Singing in church in those days was mostly confined to a recitation of psalms, often read first from the front and then repeated in a kind of ponderous drone by the congregation. Watts once wrote: “The singing of God’s praise is the part of worship most closely related to heaven, but its performance among us is the worst on earth.”

One Sunday the young man was complaining about the quality of the singing, when his father said “Why don’t you give us something better, then?” By the time of the evening service, Isaac had produced his first hymn, which was well-received, and for a period of two years, he wrote a new hymn every week. Many of his hymns were versions of the psalms with more modern tunes, but he was also a pioneer of what were known as “hymns of human composure”, in which more personal feelings were expressed. When I Survey the Wondrous Cross is an example.

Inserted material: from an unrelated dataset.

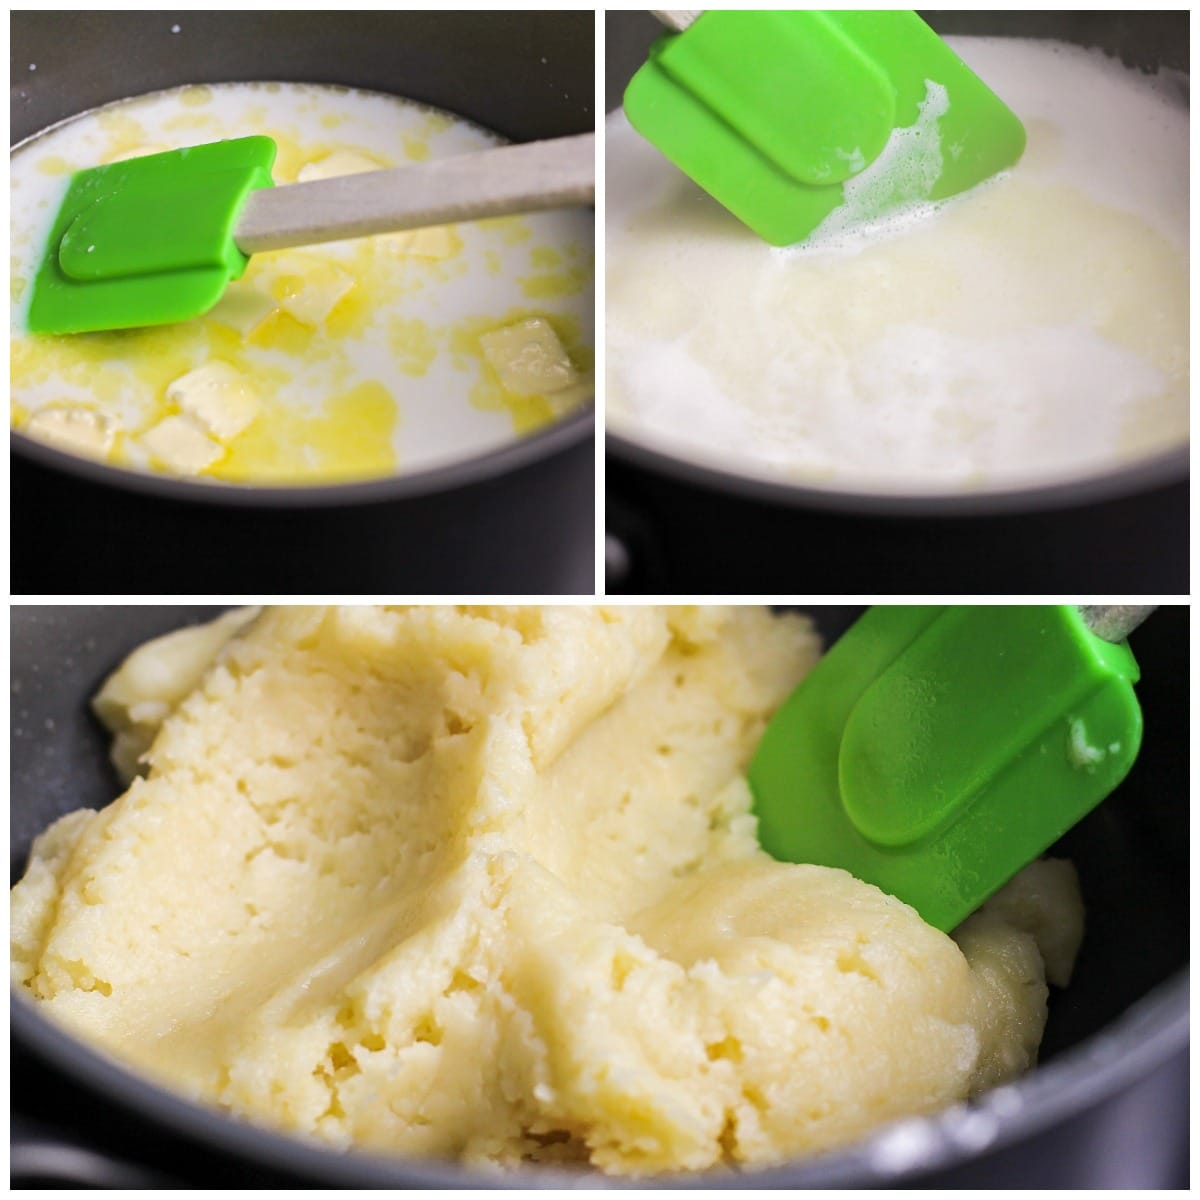 Step by step pictures of making cheese puff dough

Watts was a man of principle. He was offered the easy route of having his university education paid for by a wealthy benefactor, so long as he then became a minister in the established church (the Church of England). He refused to do this, preparing instead for ministry in the independent church by attending one of the Dissenting Academies. After completing his education he served as Assistant Pastor and then as Pastor of Mark Lane Independent (Congregational) Chapel in Stoke Newington, London. A plaque marking Abney House, where he lived for many years with the Abney family, can be seen in Stoke Newington Church Street.

As well as 750 hymns (according to Wikipedia), Watts also wrote essays, sermons, and catechisms, and books and treatises on theology, psychology and logic. He also wrote, in 1715, Divine Songs Attempted in Easy Language for the use of Children, arguably the first hymnal written exclusively for children. This was extremely popular in the nineteenth century, and was both quoted by Dickens and parodied by Lewis Carroll.

Jesus Shall Reign is also worthy of note, as one of the earliest hymns with a missionary emphasis. In 1719 when this was written the modern evangelical missionary movement had scarcely begun. It was not until 60 years later that William Carey famously began to stir up the Church of England to consider the heathen.

Isaac Watts struggled with ill health for much of his life, and died in 1748. He was honoured with a monument in Westminster Abbey, a statue in Stoke Newington in London, and another in Watts Park in his birth city of Southampton. Southampton also has the Isaac Watts Memorial Church (URC). Dr Samuel Johnson said of Watts: “Few men have left behind such purity of character or such monuments of laborious piety.”

(sources include the excellent and highly recommended Kenneth W. Osbeck books 101 Hymn Stories and 101 More Hymn Stories, as well as Wikipedia, Encyclopedia Britannica, waymarking.com and Google Books)

Both pics taken by me in today’s beautiful sunshine. Here Isaac is joined by his seagull friend!